Efficiency of the new selective enrichment broth. (i) SEB.
Pooled eel sera were obtained from eels as previously described (22) and then stored at –80°C. Phosphate-buffered saline (PBS; 0.02% KCl, 0.15% Na₂HPO₄, 0.20% KH₂PO₄) supplemented with NaCl to a final concentration of 1% (PBS-1), 2% (PBS-2), or 3% (PBS-3) was adjusted to the pH of eel blood (pH 8.3).
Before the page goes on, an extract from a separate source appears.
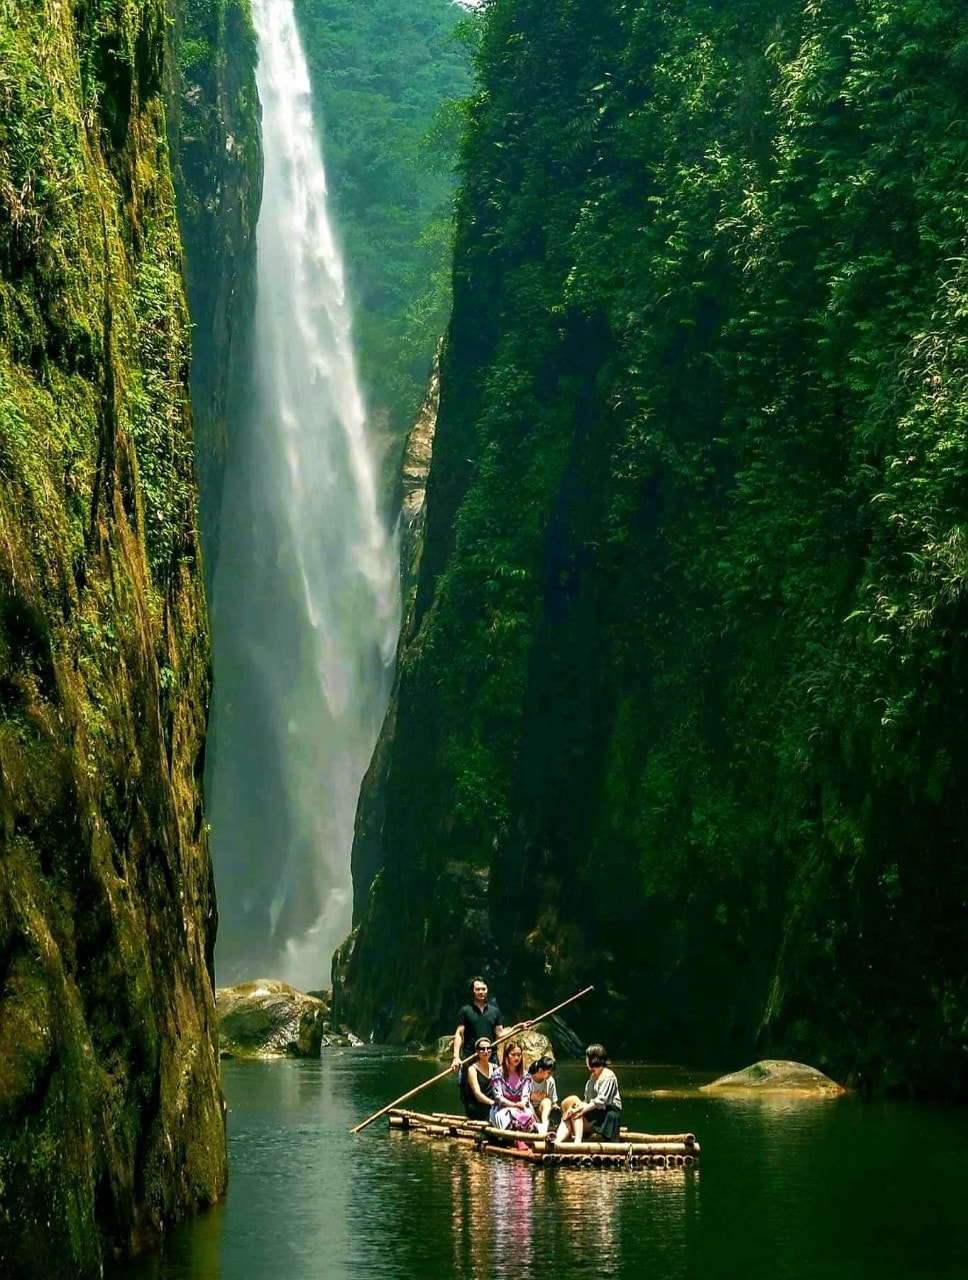 Địa điểm đẹp như trong phim kiếm hiệp, được gọi với biệt danh viên ngọc thô ẩn mình trong núi: Thực chất ở ngay miền Bắc Việt Nam - Ảnh 1.
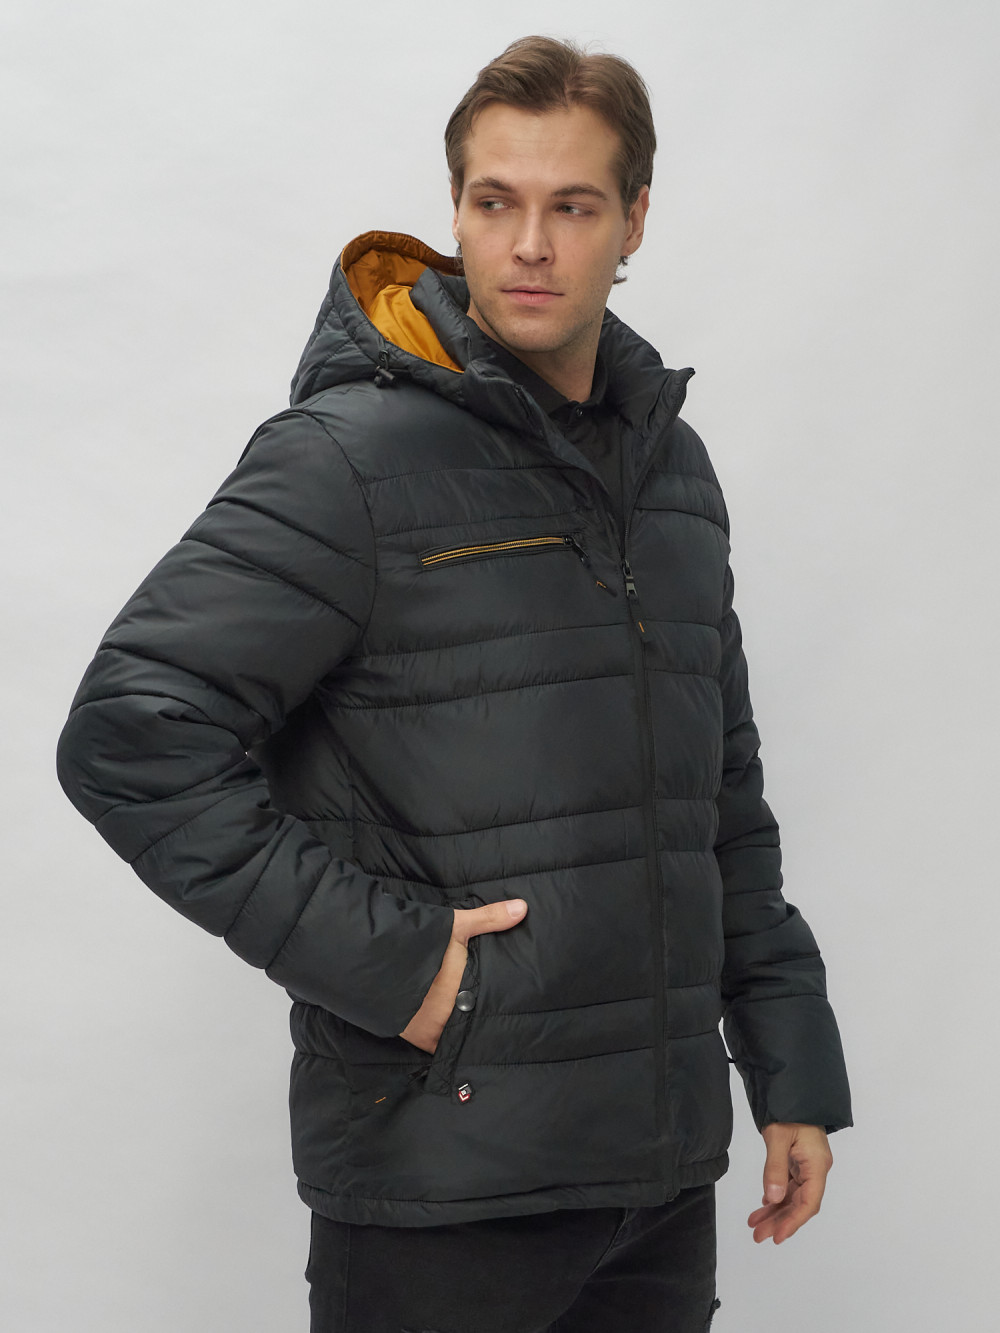 Купить куртку мужскую спортивную весеннюю оптом от производителя недорого в Москве 62175Ch 1

Saline eel serum broth (SEB) was prepared by diluting eel serum 1:5 in PBS-1 (SEB-1), PBS-2 (SEB-2), or PBS-3 (SEB-3) immediately before use.

(ii) Bacteria.
Sterile microcosms of artificial seawater (50) were prepared in screw-cap 30-ml glass tubes as previously described (33) and were inoculated with bacterial suspensions from TSA-1 plates in artificial seawater to a final concentration of 10⁶ to 10⁷ CFU per ml. All tubes were incubated in the dark in a static state at room temperature for at least 1 month to simulate the starvation conditions typical of natural environments. Microcosms were sampled weekly for cultivable counts by the drop plate method (26) using TSA-1 plates (33).

(iii) Growth curves.
The effectiveness of SEB and APW in inhibiting the growth of competitors and enhancing the growth of VSE strains was tested with pure cultures (Tables 1 and 2). Three independent experiments were performed with each strain and combination of strains. For each experiment, the enrichment broth was inoculated with starved cells (10² to 10³ CFU per ml) and incubated with shaking at 28°C for 10 h. Plate counts for single cultures were done with TSA-1 plates by the drop plate method (26), and samples were taken after 0, 1, 2, 3, 4, 6, 8, and 10 h of incubation. The average and standard deviation of bacterial counts per incubation time were calculated, and the significance of the differences between data was determined by variance analysis performed with SPSS, release 11.0. The most effective combination of broth and time of incubation was tested with all of the strains listed in Tables 1 and 2 and with mixed cultures (VSE strains plus one competitor). For this purpose, microcosms of these bacteria were prepared as described above and were used to inoculate the enrichment broth. Plate counts for single cultures were done with TSA-1 plates by the drop plate method (26), and for mixed cultures, plate counts were done with the differential medium MSWYE-BTB agar plus 1% mannitol (34) (on this medium, VSE strains develop green colonies while colonies of the selected competitors are yellow). Experiments were performed in duplicate. The final growth rate (GR) was calculated for each strain as the log of the final count divided by the initial count and was coded as follows: 0, GR 1; 1, 1 < GR 2; 2, 2 < GR 3; 3, 3 GR 4; or 4, 4 GR.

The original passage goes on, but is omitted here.